-
1. Data: 2010-05-20 08:15:42
Temat: Brak dojazdu do pracy. Urlop?
Od: "Jacek" <m...@g...pl>
Z powodu powodzi żona nie ma jak dojechać do pracy.
Na razie wypisali jej zwykły urlop do piątku.
Czy jakiś przepis reguluje tego typu sytuację?
Szkoda urlopu. Może jest jakieś inne wyjście?
Jacek
PS
aby być dokładnym, to dojazd do pracy niby jest, ale objazd to ponad 100 km
w jedną stronę i trzeba by jechać autem prywatnym, bo innej możliwości nie
ma.
-
2. Data: 2010-05-20 08:56:02
Temat: Re: Brak dojazdu do pracy. Urlop?
Od: jureq <j...@X...to.z.adresu.Xop.pl>
Dnia Thu, 20 May 2010 10:15:42 +0200, Jacek napisał(a):
> Z powodu powodzi żona nie ma jak dojechać do pracy. Na razie wypisali
> jej zwykły urlop do piątku. Czy jakiś przepis reguluje tego typu
> sytuację? Szkoda urlopu. Może jest jakieś inne wyjście?
Nieobecność nieusprawiedliwiona.

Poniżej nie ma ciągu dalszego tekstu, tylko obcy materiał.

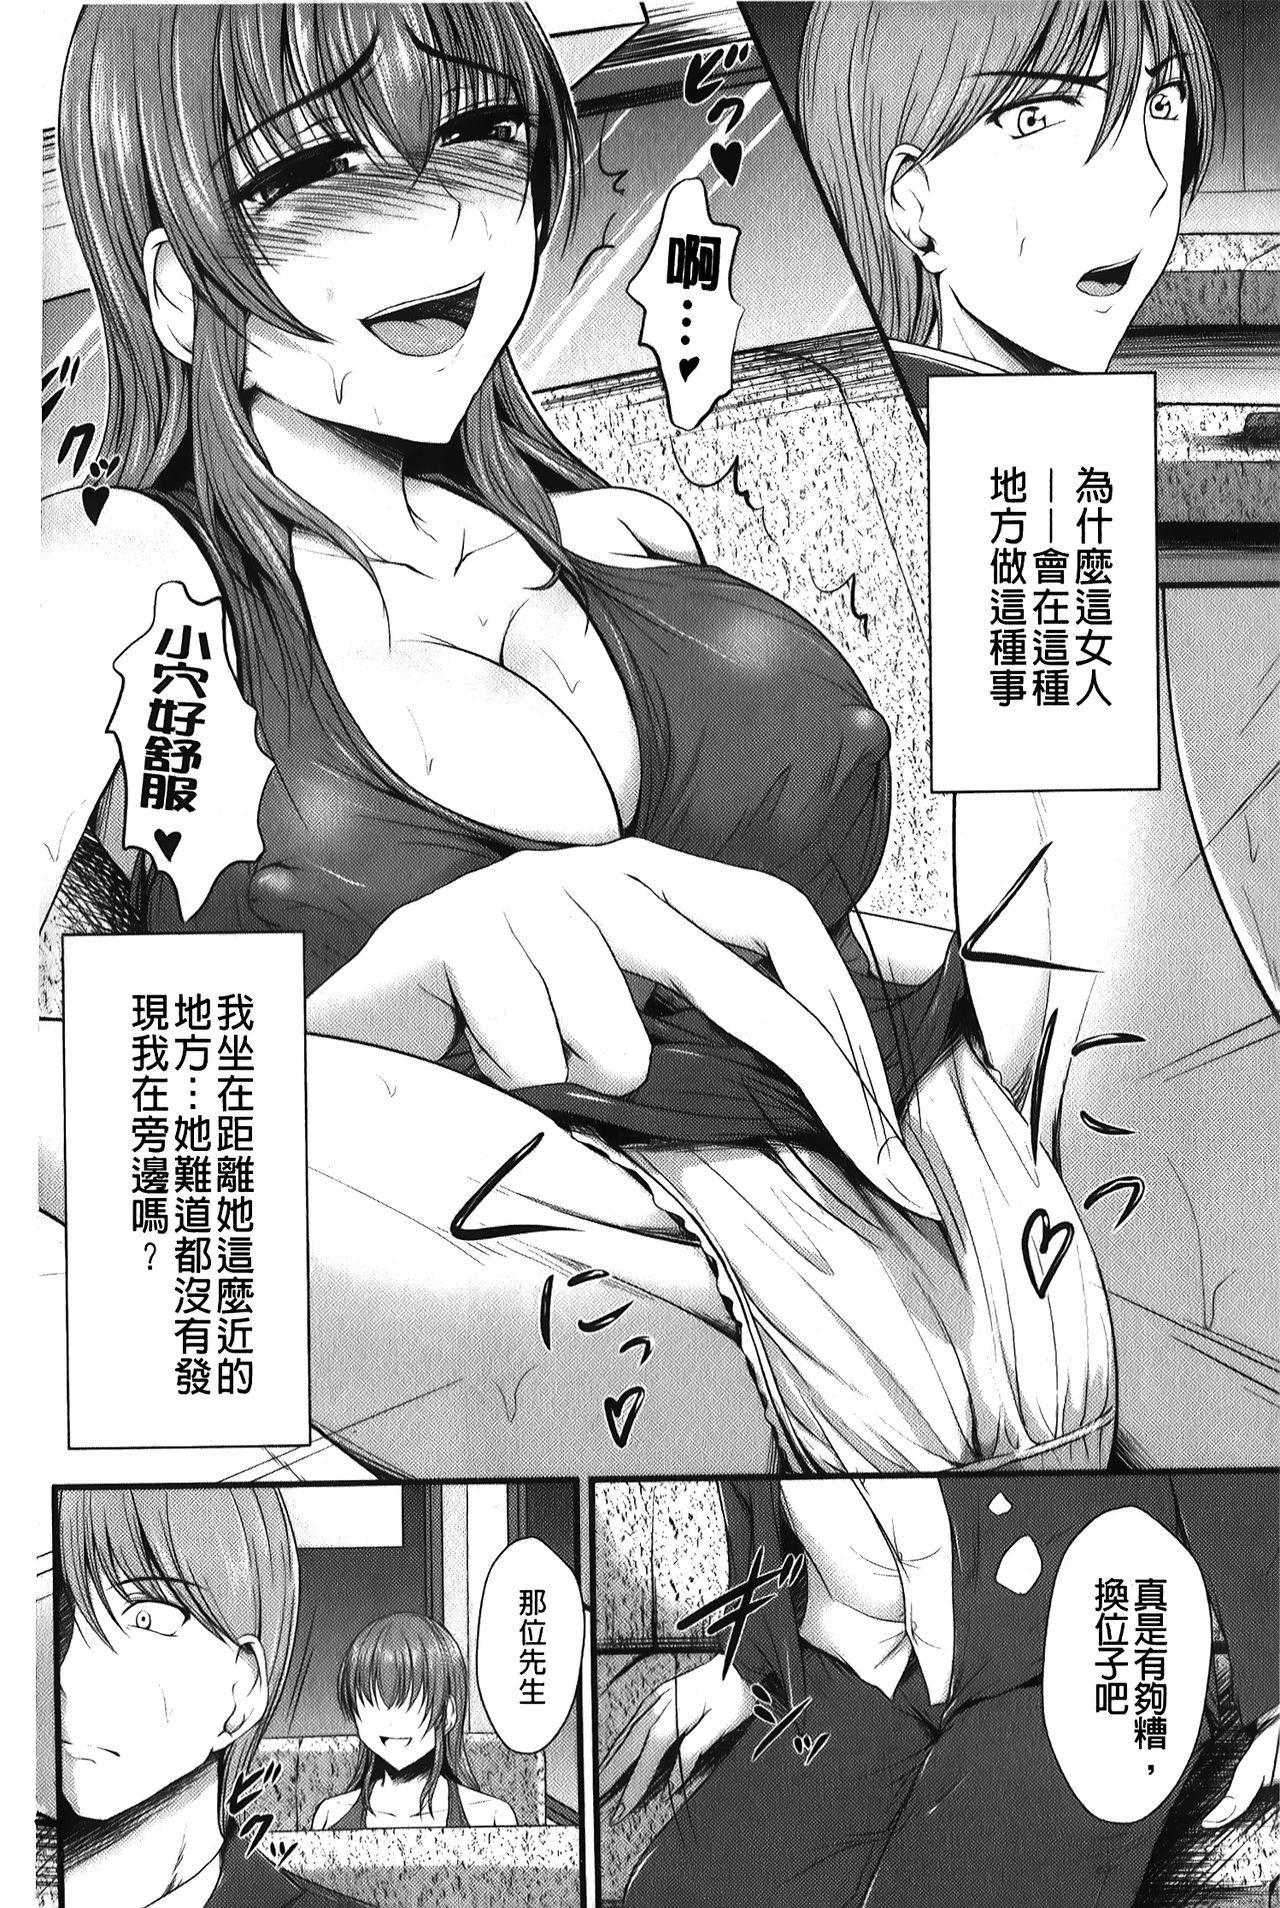 Hameochi | 戳插墮落 4

Ale nie zapłacą jej za te dni
nieobecności. Może wybierać czy lepiej mieć zapłacone za urlop, czy może
sobie pozwolić na obniżenie zarobków w danym miesiącu.
-
3. Data: 2010-05-20 10:04:10
Temat: Re: Brak dojazdu do pracy. Urlop?
Od: "SDD" <s...@t...pl>
Użytkownik "jureq" <j...@X...to.z.adresu.Xop.pl> napisał w wiadomości
news:ht2tf2$mi5$1@news.onet.pl...
> Nieobecność nieusprawiedliwiona. Ale nie zapłacą jej za te dni
Chyba usprawiedliwiona.
Nieusprawiedliwiona to dyscyplinarka
Pozdrawiam
SDD
-
4. Data: 2010-05-20 11:15:49
Temat: Re: Brak dojazdu do pracy. Urlop?
Od: jureq <j...@X...to.z.adresu.Xop.pl>
Dnia Thu, 20 May 2010 12:04:10 +0200, SDD napisał(a):
>> Nieobecno?ae nieusprawiedliwiona. Ale nie zap?ac? jej za te dni
>
> Chyba usprawiedliwiona.
Oczywiście. Coś mi się pomerdało.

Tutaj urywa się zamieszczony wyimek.